Zhelyazka loves rose-picking, and she comes every year.

It was difficult for them to pick vegetables in Greece however, because in the greenhouses it is boiling hot, about 50 degrees. They don’t complain though, they tell their stories with laughter. We are talking about children, about dealing with the coronavirus and about the time spent staying at home. They have three kids – Philip, Danka and Dafinka. The boy is the eldest, so he takes care of the little ones while they are alone at home.

Sevdo is from the village of Yagoda and everyone knows them. They are 9 children: 5 brothers and 4 sisters and Sevdo is the eldest. His father leaves them and his mother dies early. Sevdo remains head of the family in the age of 15. He says:

“As children, I took all my brothers and sisters to do rose-picking and told them: I will give each of you 5 bucks on top of your daily salary at the end of the working day. In this way, they are stimulated to work. They start picking immediately and go around like little turtles in rows, but you have to see how fast were their hands! They were great – a bag per hour. Today, all grown up, Sevdo is proud that everyone works and lives with dignity”.

Everyone works and lives with dignity.

Zhelyazka shows her hands – she was stung by several bees the day before.

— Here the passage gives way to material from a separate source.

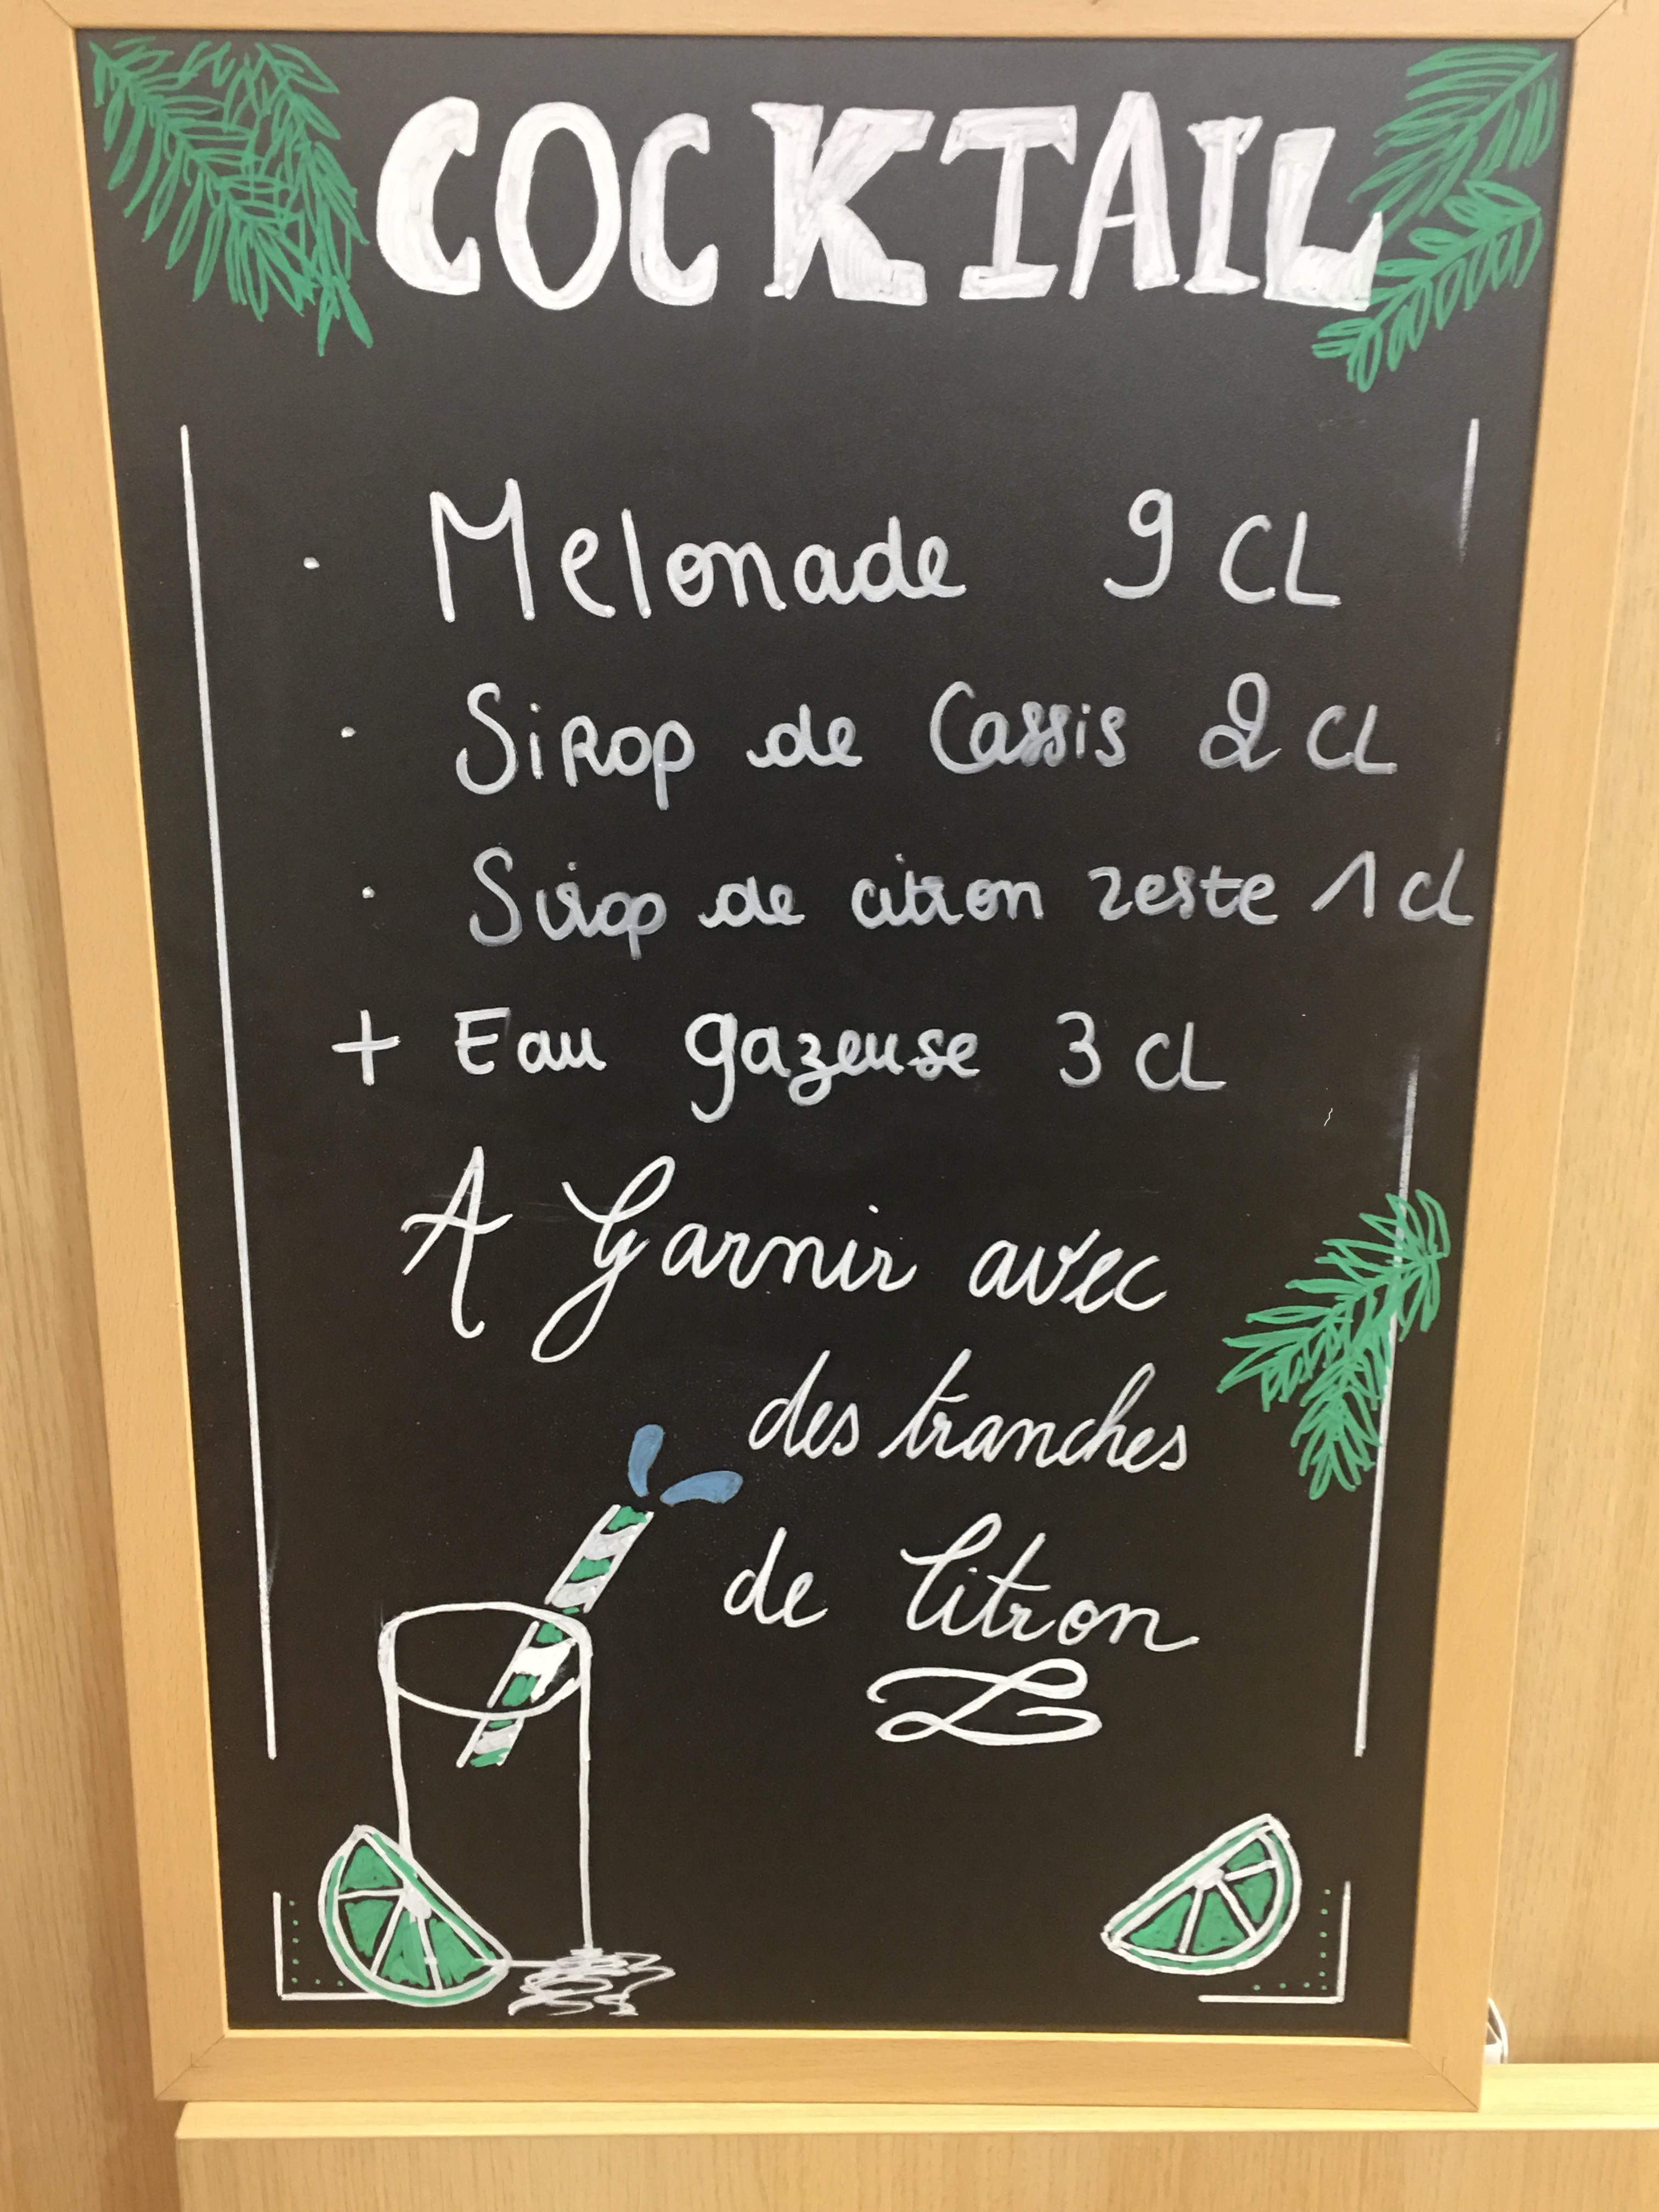 Une idée de cocktail Melonade

They hide in the flowers and sometimes fail to take off in time. The bees get angry with the pickers and sting their hands. I ask her if it hurts, she laughs and answers that she is used to it, moreover, it was good for the health.

Zheliazka’s hands, swollen by the bee’s stings.

Noon is approaching, the picking is over, and it’s time for us to return to Sofia. On departure we meet Rose.

“A rose that picks roses!” We exclaim in a chorus. Yes, she says proudly, and insists we take a picture of her. Well, how can we refuse?

Rose and the roses.

Everyone takes with him a different memory – a story, a beautiful view. We tell ourselves that we will come back soon in this magical valley and its magical people.